Current Research Projects

Michael Clift

Michael Clift, Assistant Professor, Dept. of Chemistry, University of Kansas

Mentor:  Paul R. Hanson, Professor of Chemistry; University of Kansas

Project TitleSynthesis and Biological Evaluation of Benzophenanthridine Alkaloid Natural Products and Derivatives

Project Summary

The discovery of new antibiotic agents that operate through novel modes of action is regarded as potential solution to combat growing bacterial resistance. Recently, inhibition of FtsZ polymerization has emerged as a promising new target for the development of antibiotics. FtsZ is a highly conserved, prokaryotic, tubulin-like protein that undergoes self-polymerization to enable bacterial cell division. Berberine and tetrahydroprotoberberine (THPB) possess modest affinity for FtsZ that imbues these alkaloid natural products with antibacterial properties. Semi-synthesis has enabled the preparation of relatively potent (MIC = 1 μg/mL) berberine derivatives; however, semi-synthesis is inherently limited by the natural reactivity of berberine itself and the lack of a flexible and concise synthetic approach to access berberine analogs has left significant gaps in what is known about the structure−activity relationships that exist between berberine and FtsZ. The overall objective of this proposal is to design, synthesize and test previously inaccessible berberine-like compounds to discover new antibiotics that target bacterial cell division. Three aims are proposed to pursue this objective:

Specific Aim #1: Prioritize synthetic targets by using synthesis in silico to generate a custom compound library that will be used for virtual screening against FtsZ polymerization.

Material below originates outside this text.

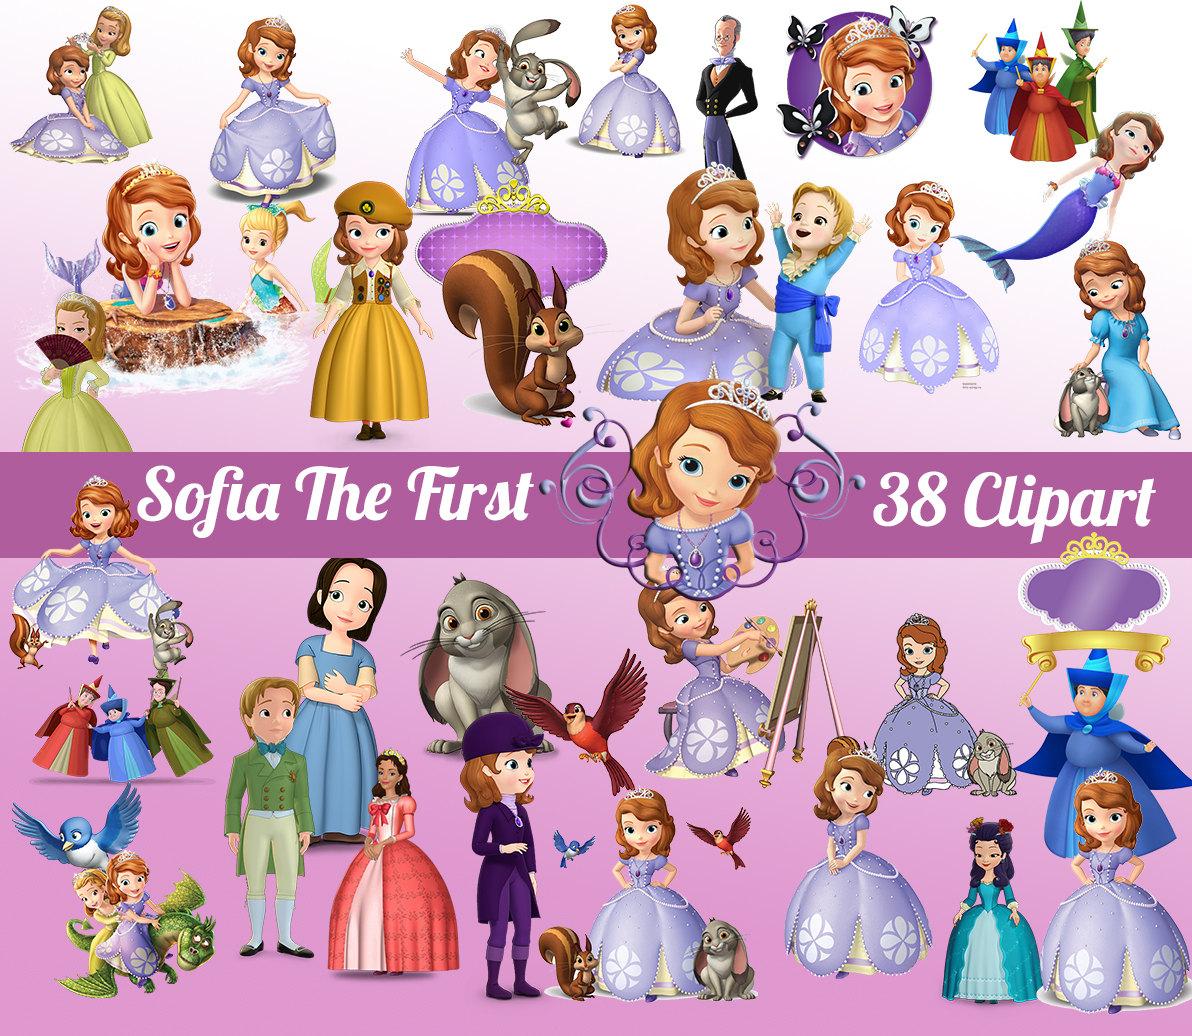 Necklace clipart princess sofia Sofia Sofia first 38 image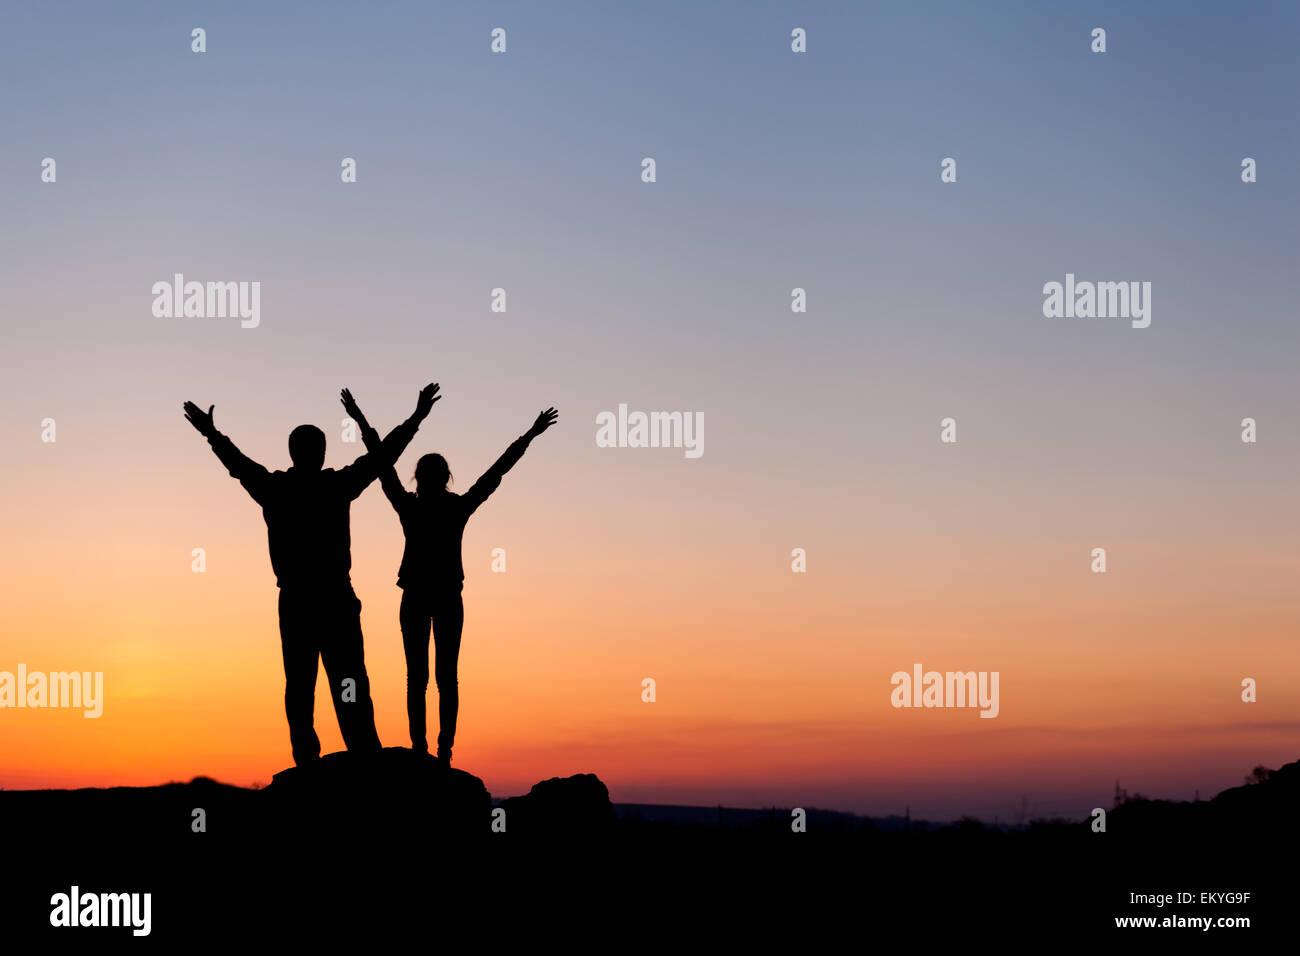 Silueta de la felicidad familiar con los brazos levantados contra el bello colorido del cielo. Atardecer de verano. Imagen De Stock

Specific Aim #2: Develop a concise and flexible total synthesis of berberine and THPB, and use this synthetic route to access a wide range of previously inaccessible analogs.

Specific Aim #3: Evaluate fully synthetic berberine analogs in bacterial growth inhibition assays, FtsZ GTPase activity assays, and FtsZ polymerization assays to identify antibiotic compounds that operate through inhibition of cell division.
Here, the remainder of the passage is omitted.